The growing adoption of neuroscience-based nomenclature represents an opportunity for growth and improvement in the descriptions of the primary biological treatment when using psychopharmacology. “This system offers a less stigmatizing, more scientifically grounded, easily updatable, and nuanced conceptualization of treatments. We can use these new terms to empower youth and families to better understand what their treatments do, without a distracting legacy of misnomers,” said Dr. Sultan.

Article details:

Ryan S Sultan, MD is a teaching and research physician at New York-Presbyterian Hospital and Columbia University Vagelos College of Physicians and Surgeons.

The article, “What’s in a Name? Moving to Neuroscience-based Nomenclature in Pediatric Psychopharmacology,” was published online in the Journal of the American Academy of Child and Adolescent Psychiatry.

Other authors:

Christoph U. Correll, MD is affiliated with the department of Psychiatry, The Zucker Hillside Hospital, Northwell Health, Glen Oaks, NY, Hofstra Northwell School of Medicine, Hempstead NY and The Feinstein Institute for Medical Research, Manhasset, NY, USA and the Charité Universitätsmedizin, Department of Child and Adolescent Psychiatry, Berlin, Germany.

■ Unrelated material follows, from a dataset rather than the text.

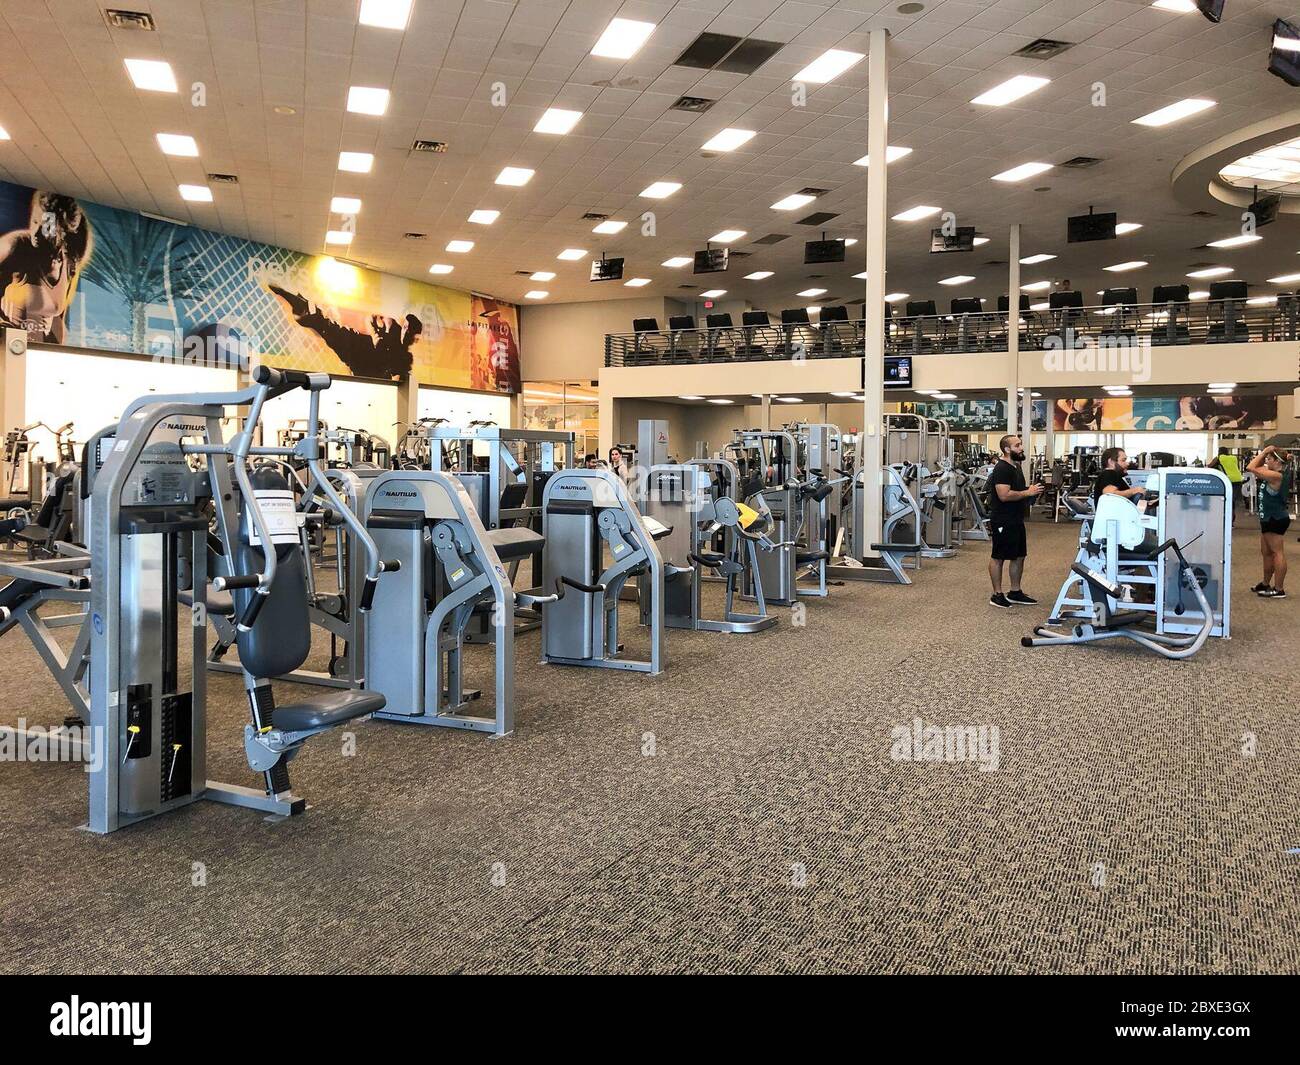 LA Fitness now open, photos from inside – My Ballard
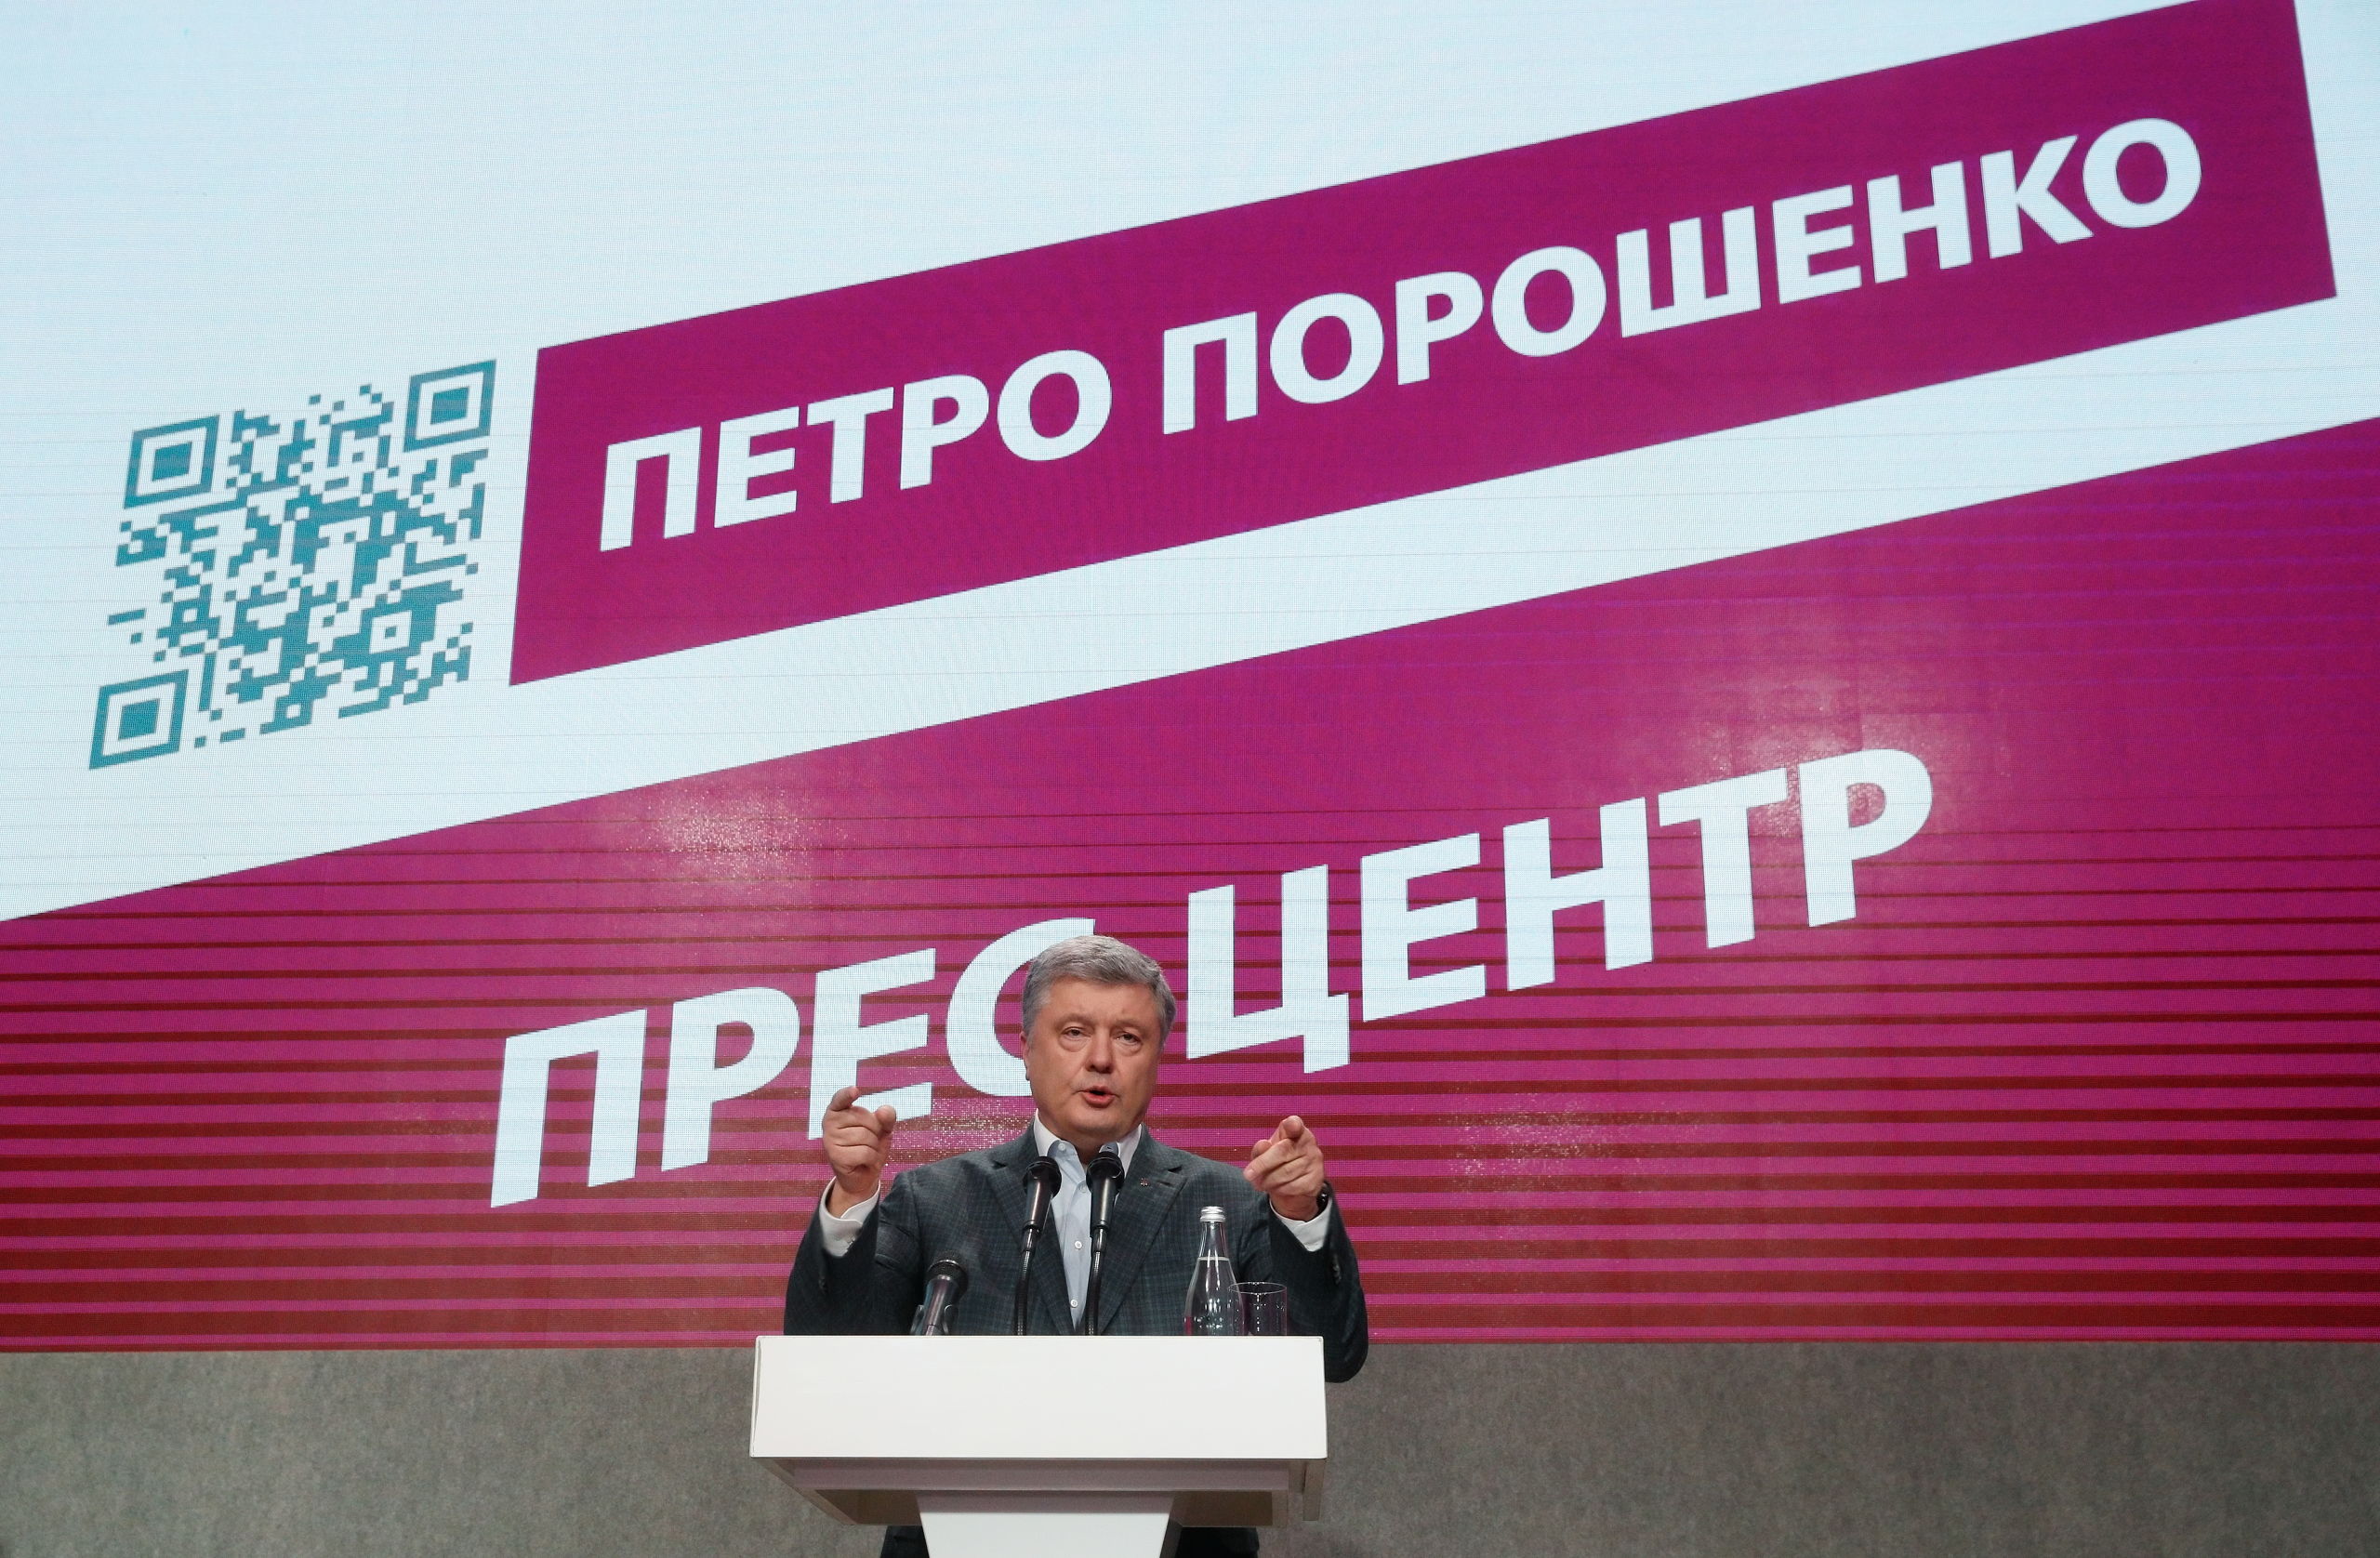 Petro Porosjenko geeft een speech na het sluiten van de stembussen.

Joseph Zohar, MD is affiliated with the department of Psychiatry, Chaim Sheba Medical Center, Tel Hashomer, Israel.

Gil Zalsman, MD is an Adjunct Associate Research Scientist at Columbia University Irving Medical Center. He is also affiliated with the Geha Mental Health Center and Sackler Faculty of Medicine, Tel Aviv University, Tel Aviv, Israel.

Jeremy Veenstra-VanderWeele, MD, is the Ruane Professor for The Implementation of Science for Child and Adolescent Mental Health at Columbia University Irving Medical Center; Director of the Division of Child & Adolescent Psychiatry at NewYork-Presbyterian/Morgan Stanley Children’s Hospital, New York State Psychiatric Institute (NYSPI), and Columbia University; and Co-Director of both the NIMH T32 Postdoctoral Fellowship for Translational Research in Child Psychiatric Disorders and the Whitaker Scholar Program in Developmental Neuropsychiatry at NYSPI/Columbia University Irving Medical Center.

Support:

The work was supported by an AACAP Pilot Award and NIMH T32.